What follows is Kozachik's detailed reminiscence of the thought processes and work methods that led to Nightmare.

Story Synopsis
Jack Skellington, king of Halloween, has grown tired of leading the happy ghouls of Halloween Town in their annual holiday preparations. Discovering another holiday on his accidental visit to Christmas Town, Jack is inspired to take over for Santa and delivers Christmas with a new spin on it. Jack learns a lesson from the resulting mayhem, and Santa gets the holiday back on track.

This article originally appeared in AC December 1993. Some images are additional or alternate.

Cinematic Approach
"How will anybody be able to sit through 90 minutes of animated puppets?" I wondered. My first reaction to the proposed feature was that of a stop-motion fan turned apologist for too many examples of the craft that rely on novelty to support weak production values.

Director Henry Selick and I agreed that the expectations of a hip modern audience would be more sophisticated. To hold their interest, Nightmare would use the visual tools of live-action.

The camera crew would provide:

• Strong lighting design in support of mood and story
• Drama-enhancing camera angles and lens selection
• Unrestricted camera movement
• Atmospheric elements such as fog, snow, fire, and water

    First, the lighting design needed a defining direction. Stop-motion films commonly use high-key soft lighting to showcase animation, often at the expense of drama. But the fantasy nature of Nightmare would benefit from a rich, expressionistic look.

    Regarding Halloween as a “period holiday," I sought classic black-and-white thrillers for reference. The camera crew got together to view films and dissect example shots.

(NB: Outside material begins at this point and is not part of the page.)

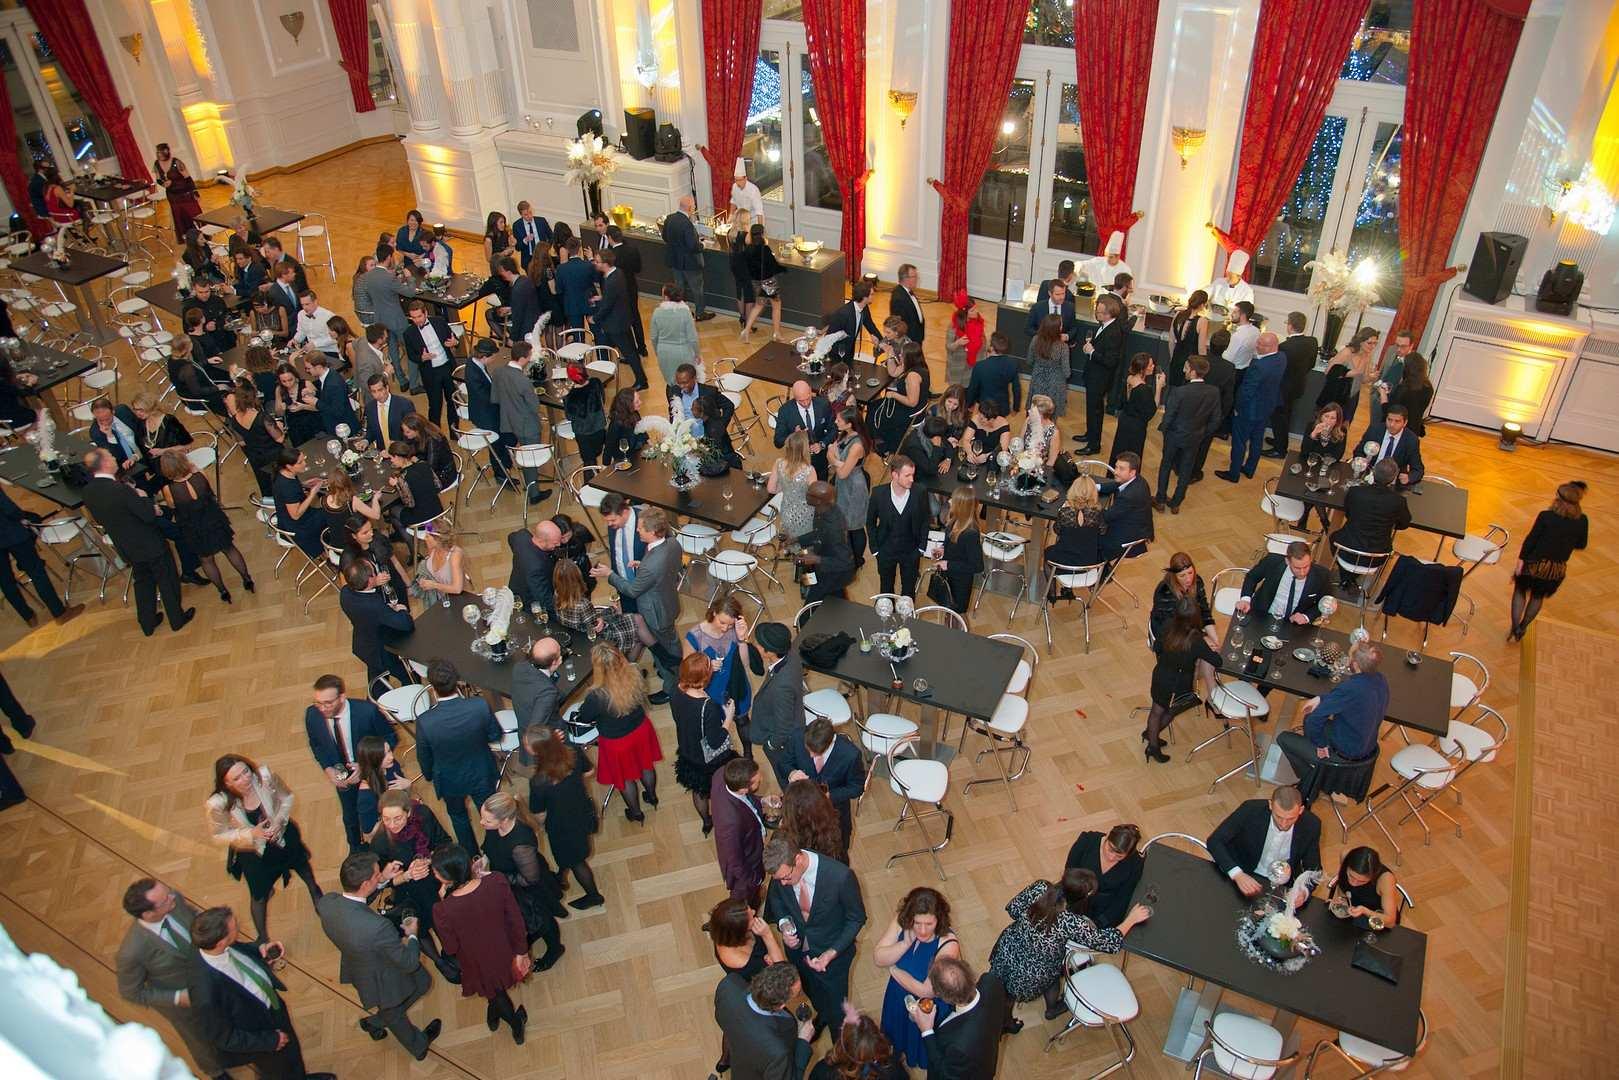 xmas-party-loyens-loeff-2018-carte-blanche-entreprise-lux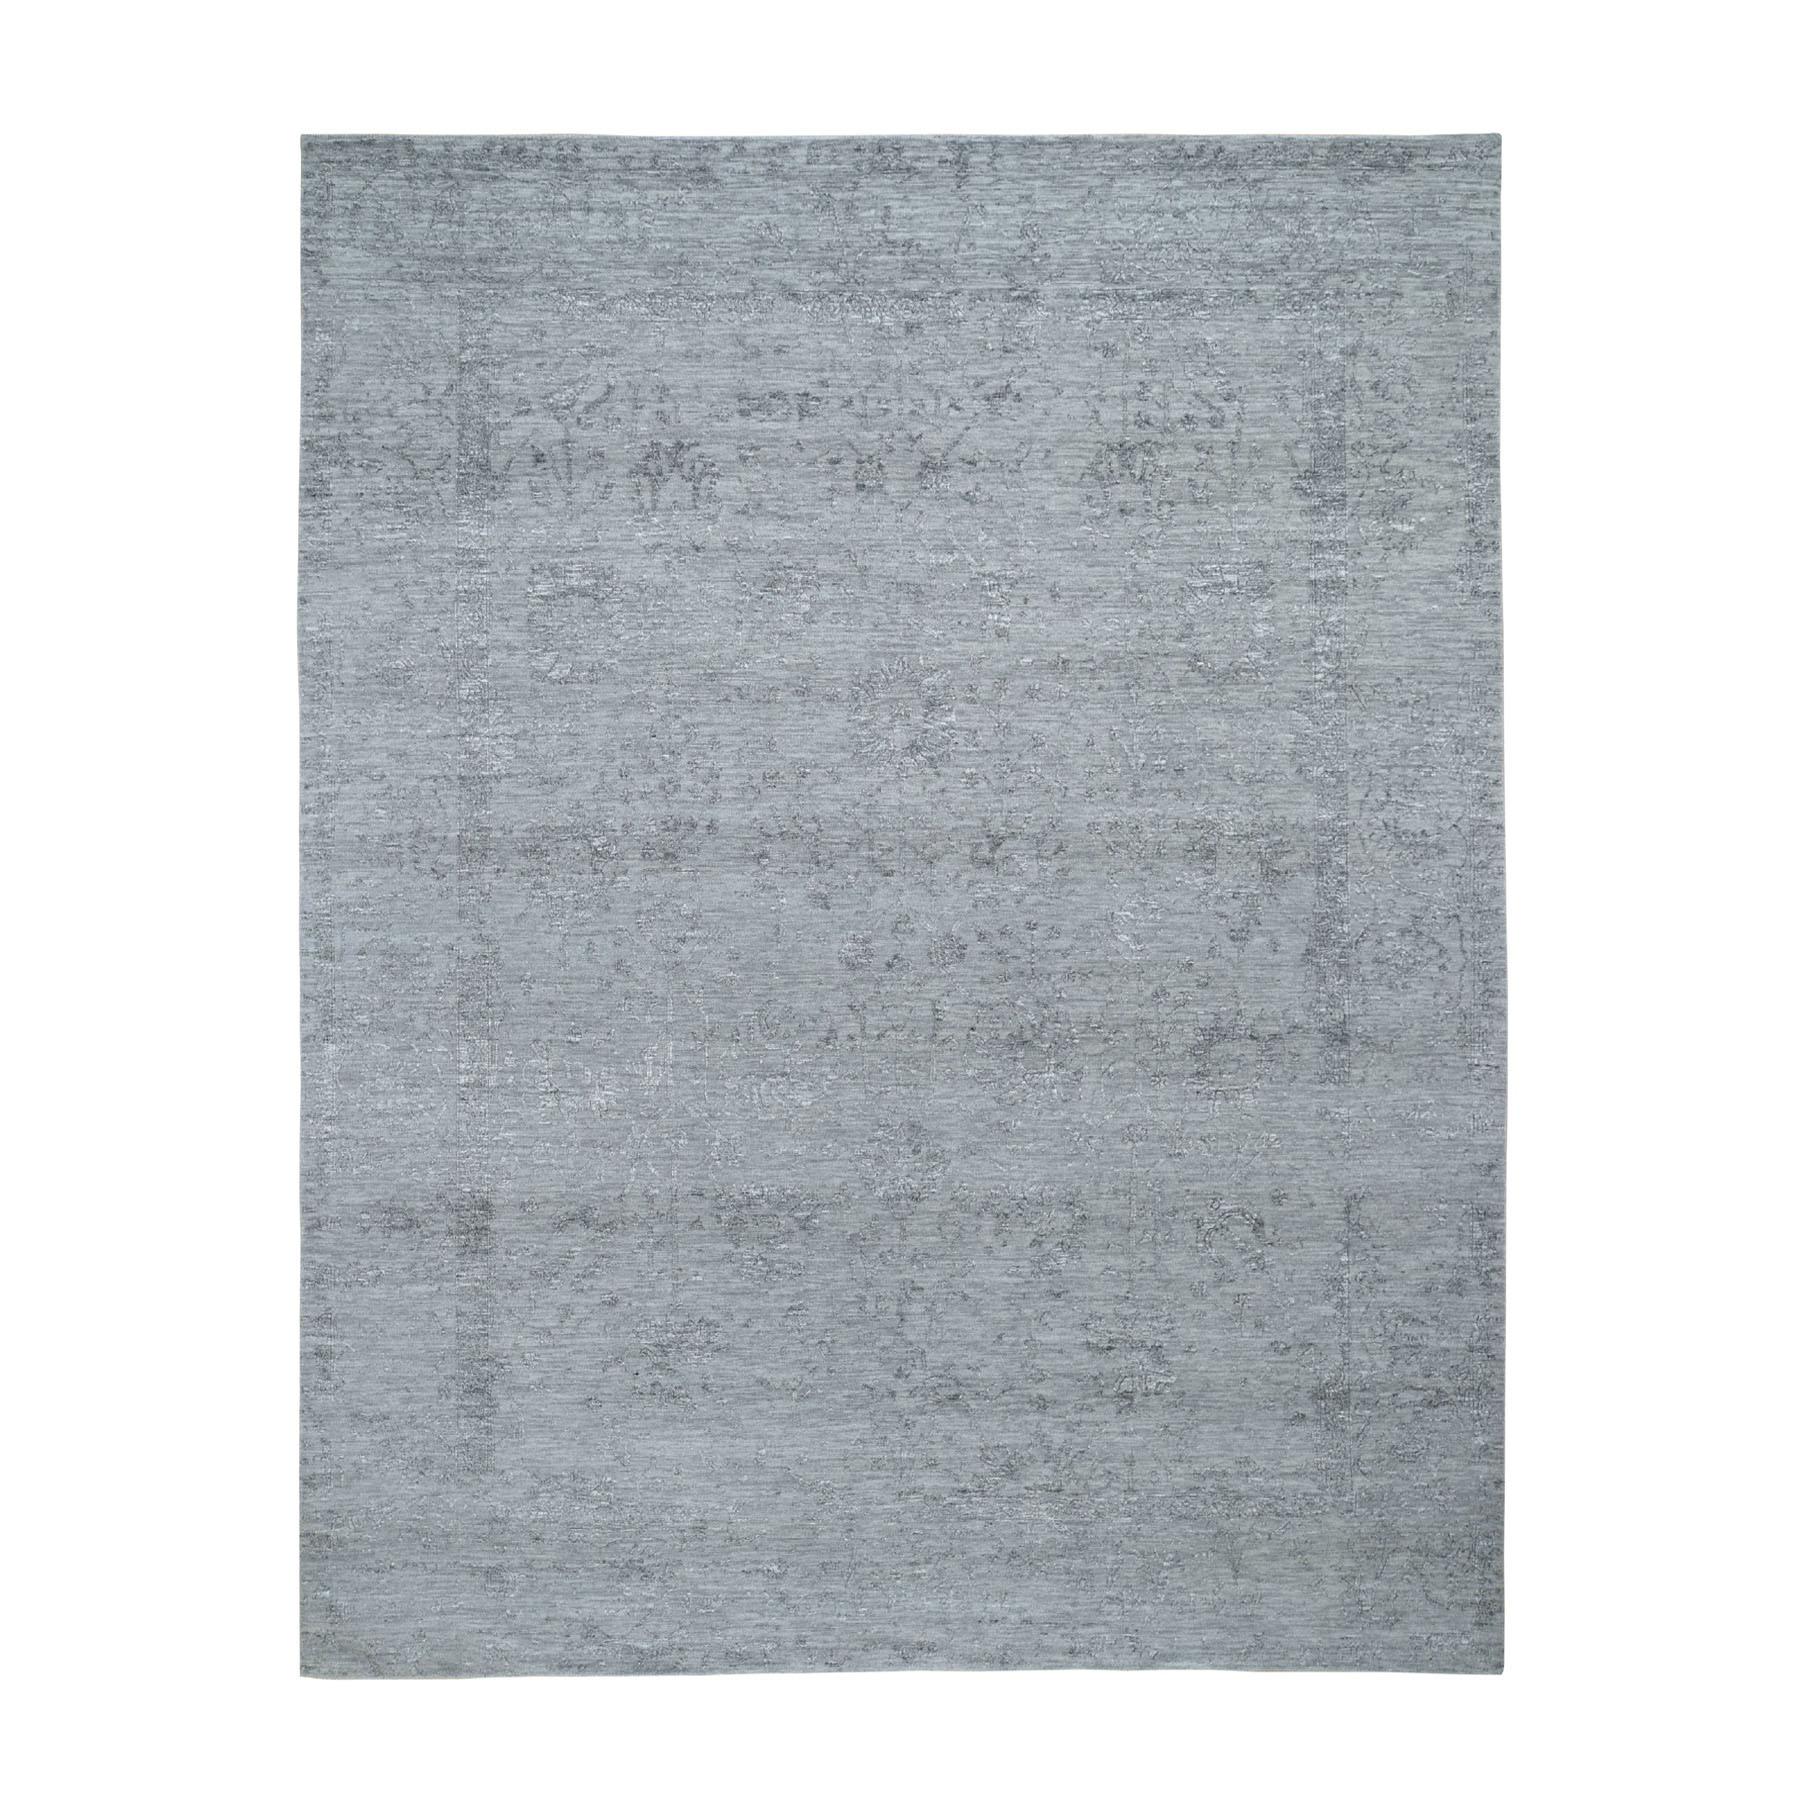 8'x10' Gray Tabriz Broken Design Wool And Silk Hand Knotted Oriental Rug

    Although we were filming in color, black-and-white lighting techniques would prevail, with hard light, separation of planes by contrast, shadows as graphic elements, and theatrical pools for dramatic emphasis. Color would be used for its emotional content and avoided as a separating tool.

    Director Henry Selick and producer Tim Burton on the Halloween Town set. (Photo by Eric Swenson)

    Art director Deane Taylor's Gothic Halloween sets invited such lighting with their strong angular forms and textures. Paint colors were held to a limited, grayed-down palette.

    Contrast viewing glasses were copies of the dark yellow Mitchell viewfinder glass. Originally intended for black-and-white, the filter helped emphasize shape over color. Visual consultant Rick Heinrichs introduced selective contrast-enhancing with black and white paint.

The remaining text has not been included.